§ EXERCISE PROMPT:
Where the lines below hold images, skip those and copy every word exactly.

*** DATA BLOCK ***

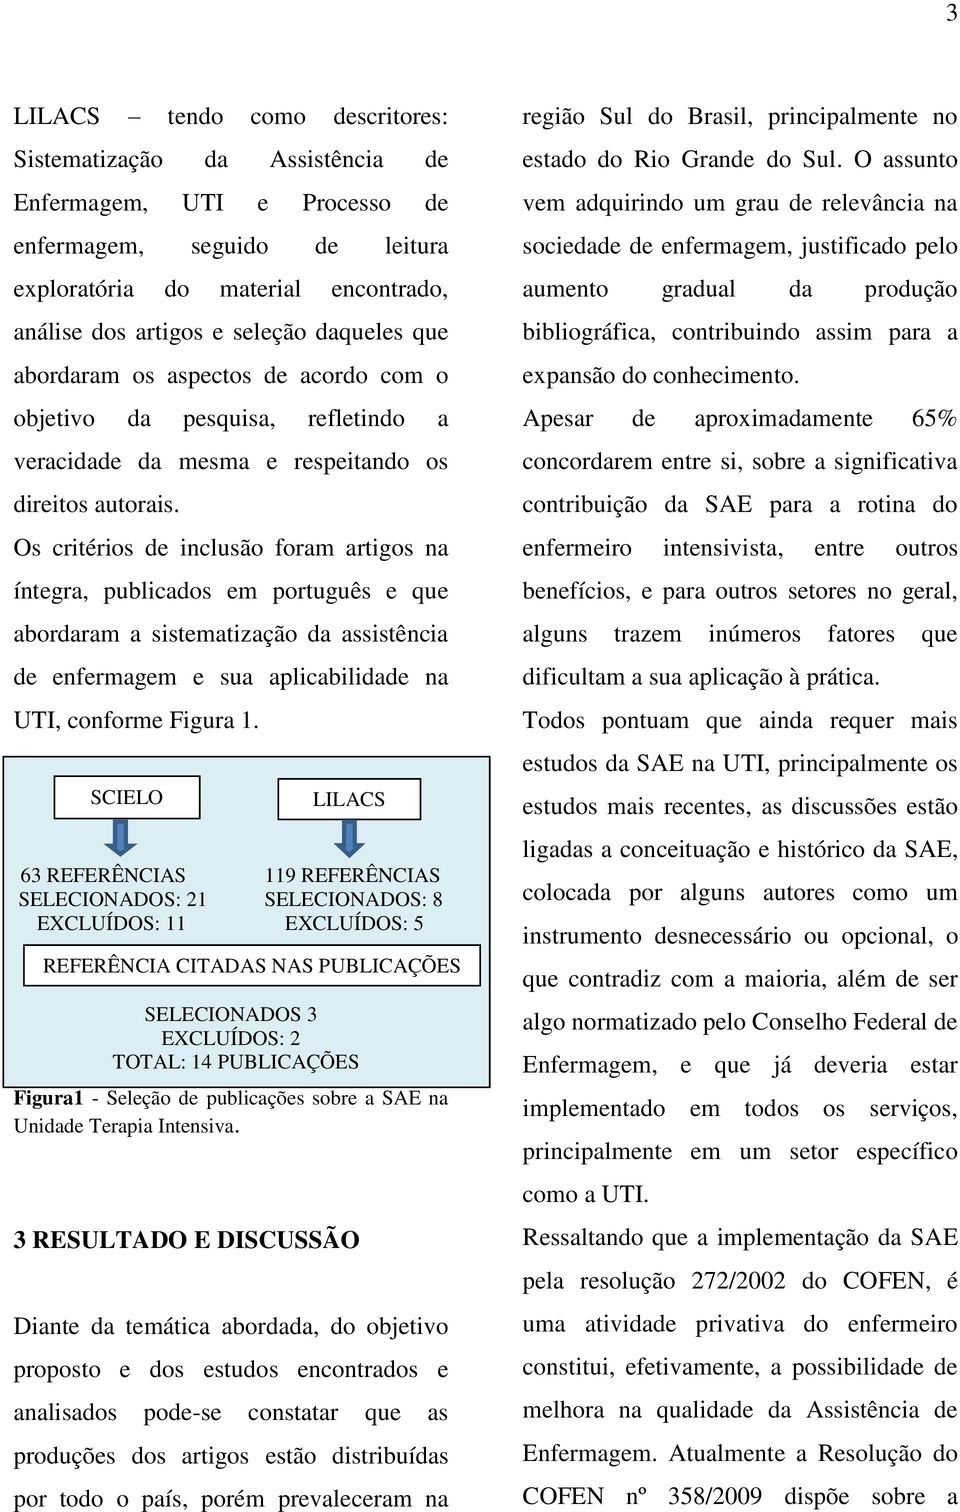 Os critérios de inclusão foram artigos na íntegra, publicados em português e que abordaram a sistematização da assistência de enfermagem e sua aplicabilidade na UTI, conforme Figura 1.
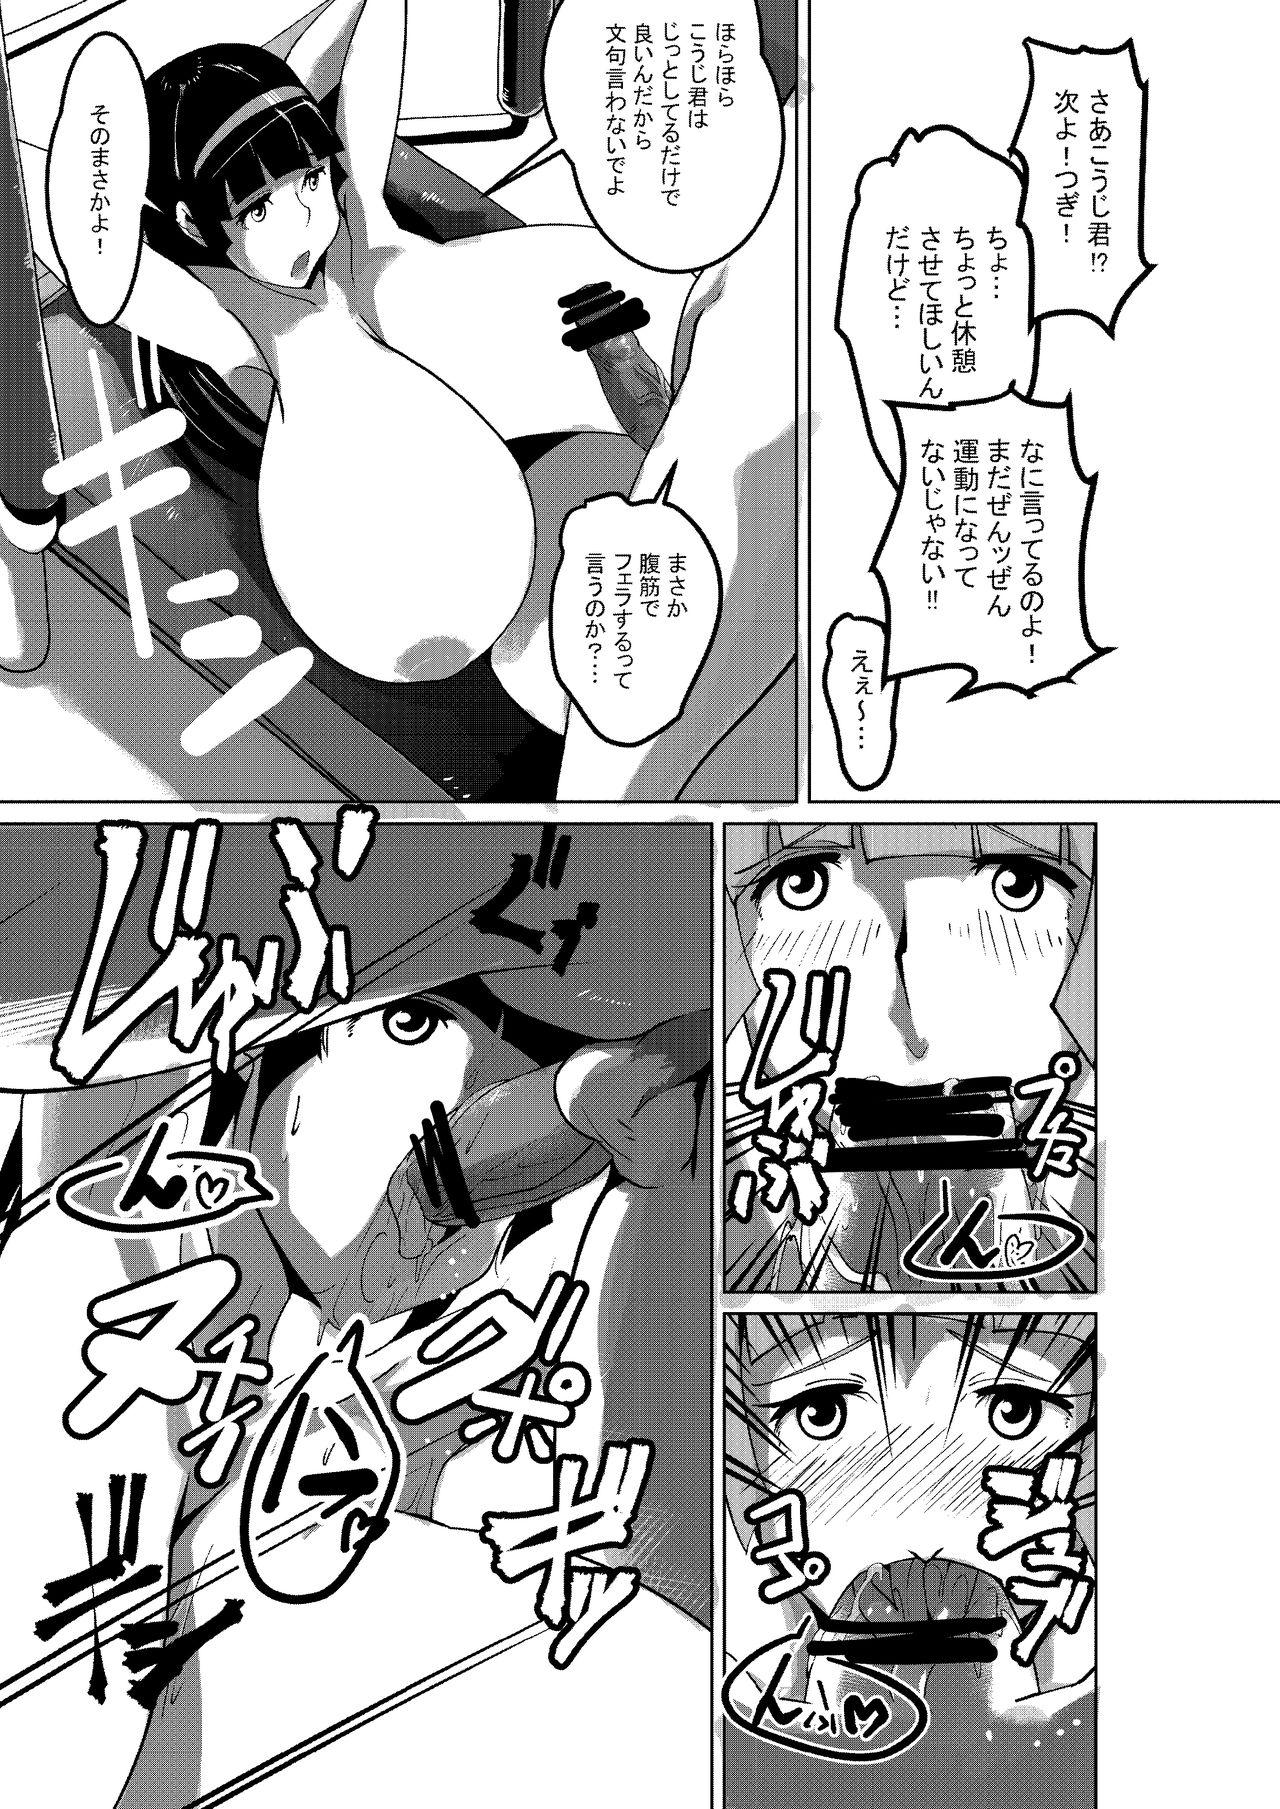 Suruba Sayaka no Diet Z Keikaku - Mazinger z Pickup - Page 9
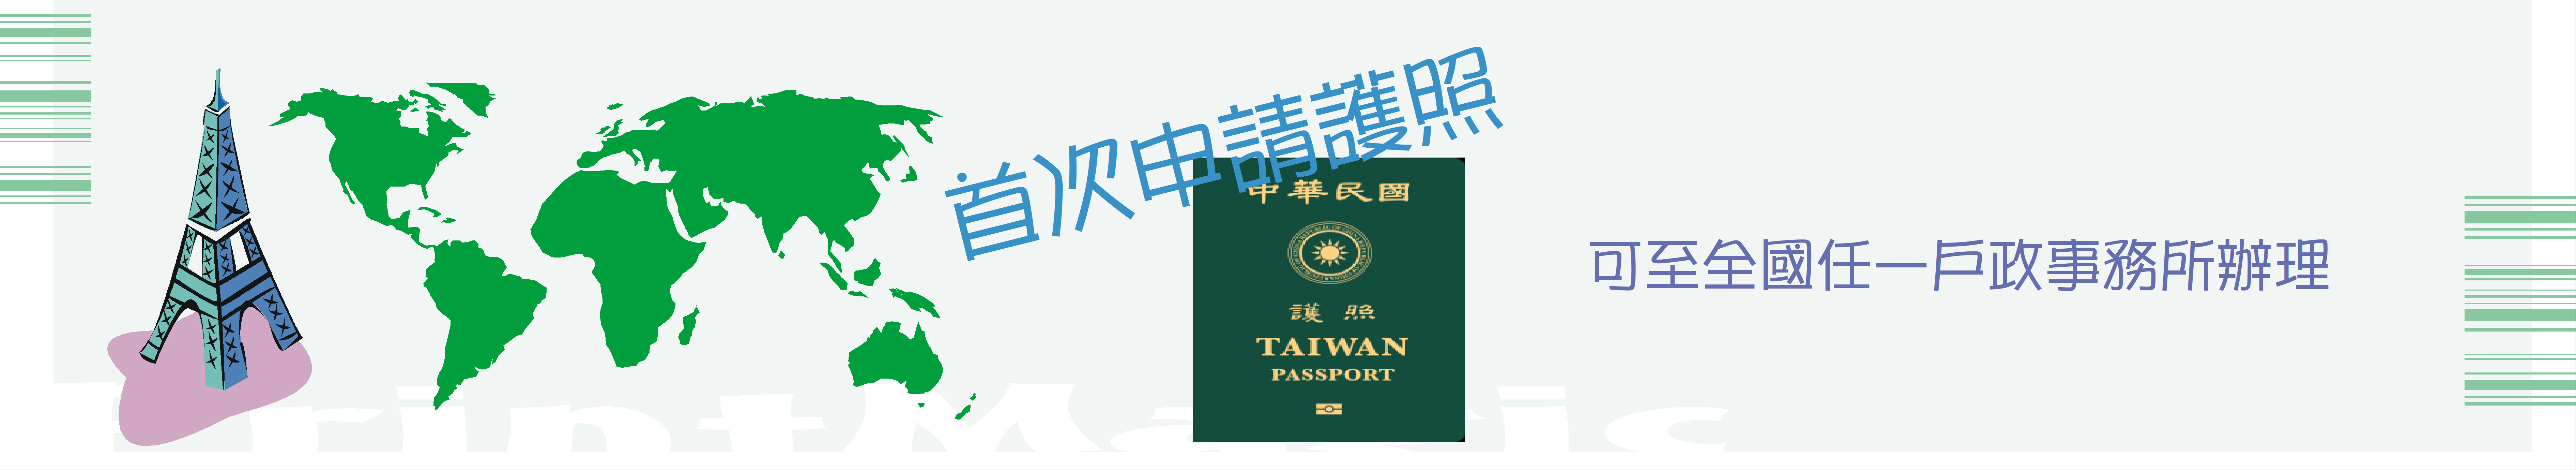 首次申辦護照 圖片
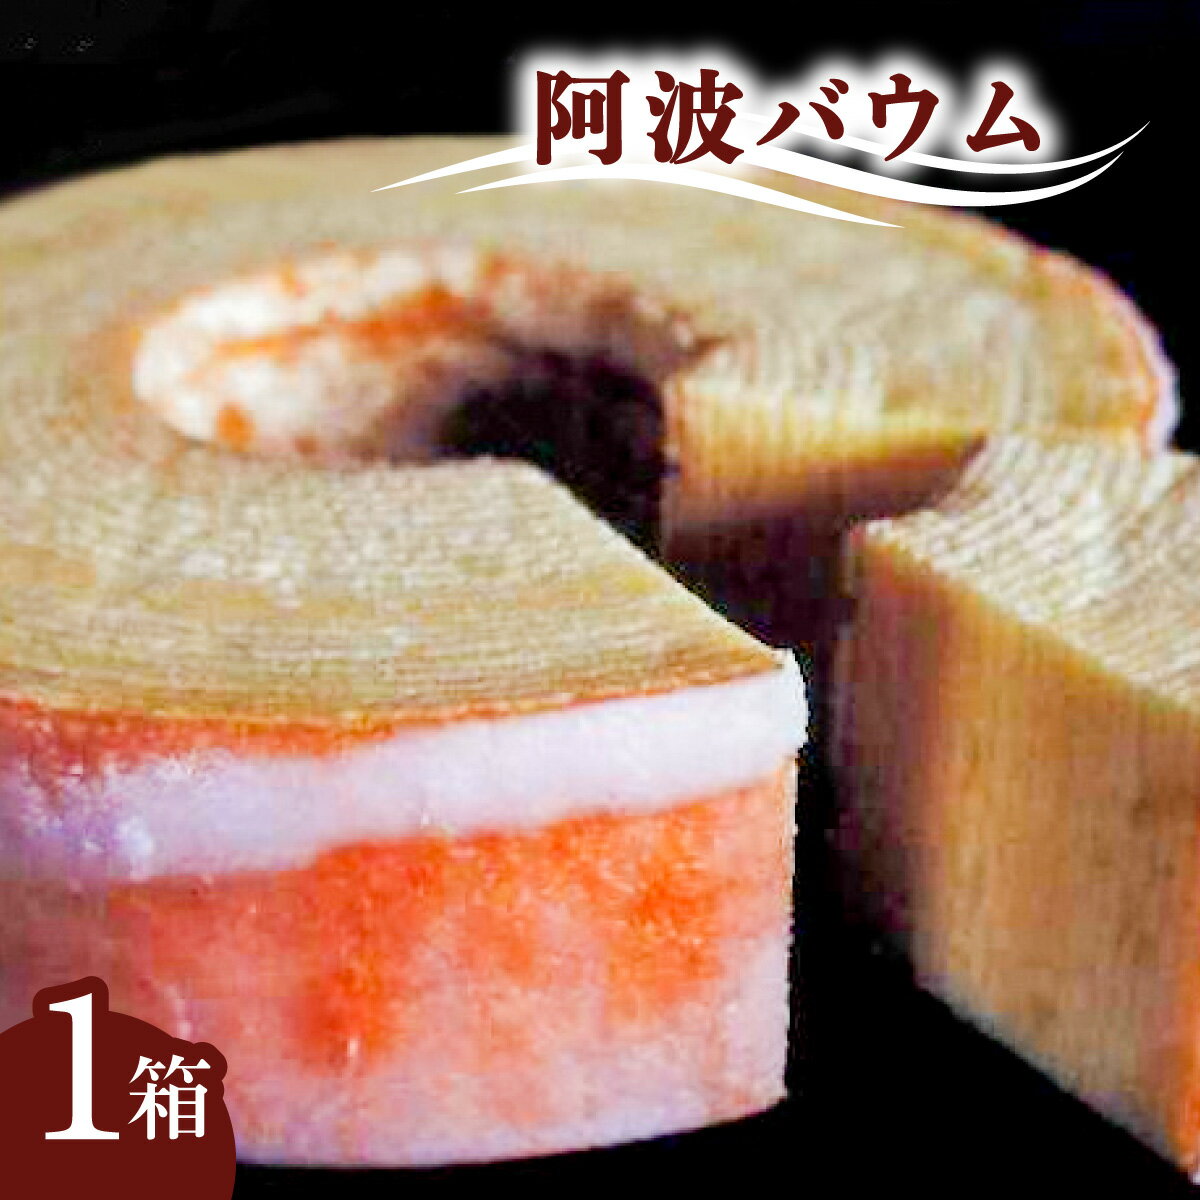 【ふるさと納税】 バウムクーヘン 阿波バウム 1個 菓子 洋菓子 焼菓子

***

§ REPLY:
 Os critérios de inclusão foram artigos na íntegra, publicados em português e que abordaram a sistematização da assistência de enfermagem e sua aplicabilidade na UTI, conforme Figura 1.
 Suruba Sayaka no Diet Z Keikaku - Mazinger z Pickup - Page 9
 首次申辦護照 圖片
 【ふるさと納税】 バウムクーヘン 阿波バウム 1個 菓子 洋菓子 焼菓子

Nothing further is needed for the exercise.